Previous try: #98892

rustbot · 2023-05-18T23:04:30Z

r? @eholk

(rustbot has picked a reviewer for you, use r? to override)

compiler/rustc_codegen_ssa/src/mir/intrinsic.rs

compiler/rustc_codegen_cranelift/src/intrinsics/mod.rs

compiler/rustc_codegen_gcc/src/builder.rs

RalfJung · 2023-06-03T10:03:13Z

compiler/rustc_const_eval/src/interpret/intrinsics.rs

+ self.read_pointer(&args[0])?,
+ self.read_pointer(&args[1])?,
+ 1,
+ self.deref_operand(&args[0])?.layout,


Using args[0] twice here isn't good, each argument should be converted to its high-level representation exactly once.

Does let layout = self.layout_of(substs.type_at(0))? like in some of the other intrinsics help?

RalfJung · 2023-06-03T10:03:57Z

compiler/rustc_const_eval/src/interpret/memory.rs

@@ -1222,6 1222,76 @@ impl<'mir, 'tcx: 'mir, M: Machine<'mir, 'tcx>> InterpCx<'mir, 'tcx, M> {

 Ok(())
 }
+
+ pub fn swap_memory(


mem_swap_nonoverlapping seems like a better name

EDIT: But first decide what the semantics should be -- typed copy or untyped copy.

RalfJung · 2023-06-03T10:04:38Z

compiler/rustc_const_eval/src/interpret/memory.rs

+ let align = layout.align.abi;
+ let Some((x_alloc_id, x_offset, _)) = self.get_ptr_access(x_ptr, size, align)? else {
+ // Called on ZST so it is noop.
+ return Ok(())


This is not good. If the 2nd pointer is invalid you would miss the UB! It is important to check all conditions before short-circuiting. Roughly follow that mem_copy above does.

Hi, @RalfJung !
Is is now correct way or do I need to call M::before_memory_read and M::before_memory_write too?

You'll need to call these hooks the same way mem_copy does.

RalfJung · 2023-06-03T10:04:59Z

compiler/rustc_const_eval/src/interpret/memory.rs

+ count: u64,
+ layout: ty::layout::TyAndLayout<'tcx>,
+ ) -> InterpResult<'tcx> {
+ let size = layout.size;


The size of the access is count * layout.size, isn't it?
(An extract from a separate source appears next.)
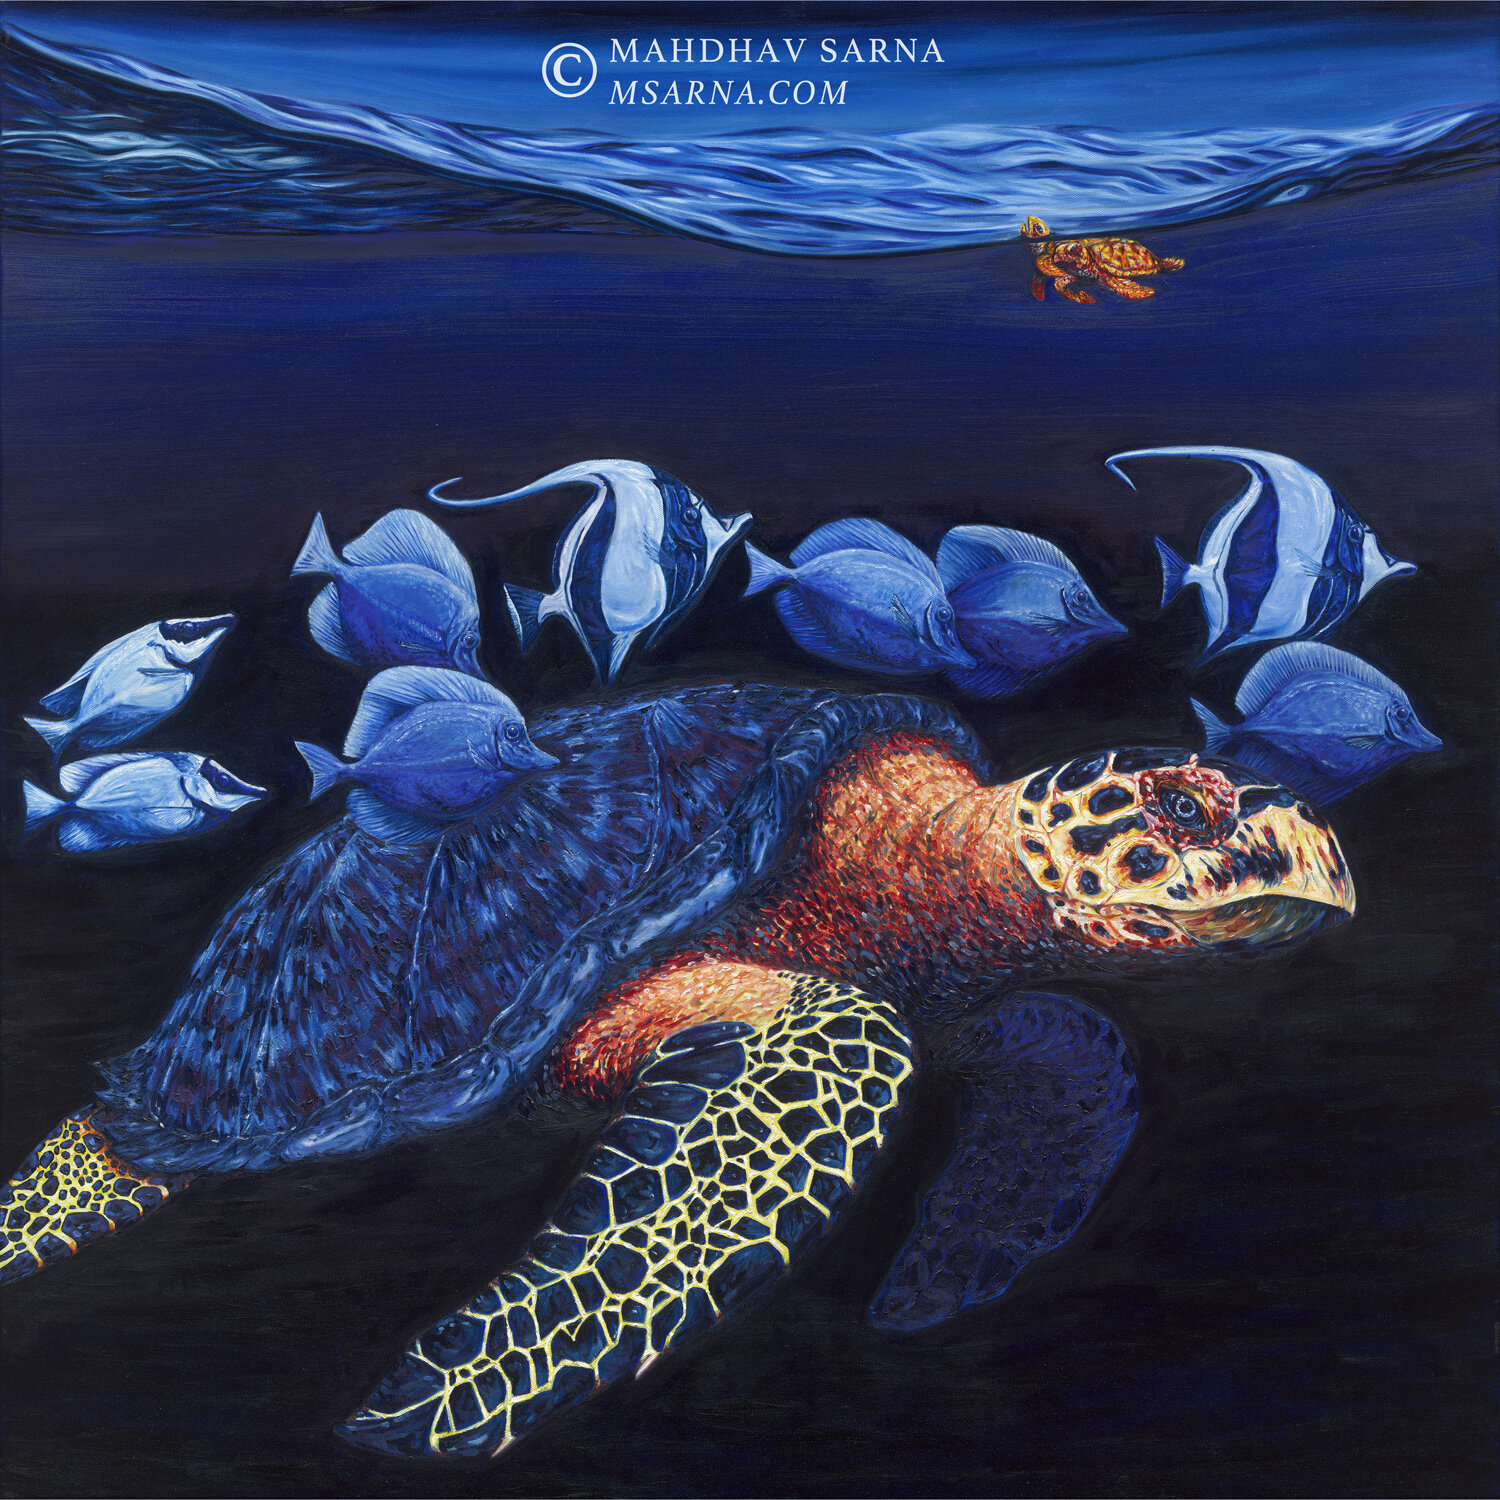 hawksbill turtle oil painting aggp wildlife art mahdhav sarna 01.jpg

RalfJung · 2023-06-03T10:05:34Z

compiler/rustc_const_eval/src/interpret/memory.rs

+
+ let tmp_stack_alloc = {
+ let can_use_values = layout.ty.is_primitive() || layout.ty.is_slice();
+ if can_use_values {


Why do we need 2 code paths here?

RalfJung · 2023-06-03T10:07:24Z

compiler/rustc_const_eval/src/interpret/memory.rs

+ let x_mplace = MPlaceTy::from_aligned_ptr(curr_x_ptr, layout);
+ let y_mplace = MPlaceTy::from_aligned_ptr(curr_y_ptr, layout);
+ if let Some((tmp_x_place, tmp_y_place)) = tmp_stack_alloc {
+ self.copy_op(&x_mplace.into(), &tmp_x_place.into(), false)?;


This is doing a typed swap! Is that really what we want? If it is, then this is the wrong file. memory.rs is for byte-level, untyped operations. This should probably be a function in intrinsics.rs then. Also it should take places as arguments, not pointers, if that is the level of abstraction it acts upon.

Judging from these docs the copy probably should be untyped. That means memory.rs is the right file and taking pointers makes sense. But it means you must not use copy_op in here as that would have too much UB. Use mem_copy instead.

RalfJung · 2023-06-03T10:08:19Z

library/core/src/intrinsics.rs

+ ///
+ /// Swaps 2 values using minimal extra memory depending on target.
+ /// Created to remove target/backend specific optimizations from library code to
+ /// avoid confusing const evaluation and MIRI.


The creation of this creates extra cost for CTFE and Miri, I don't understand the point of the comment here.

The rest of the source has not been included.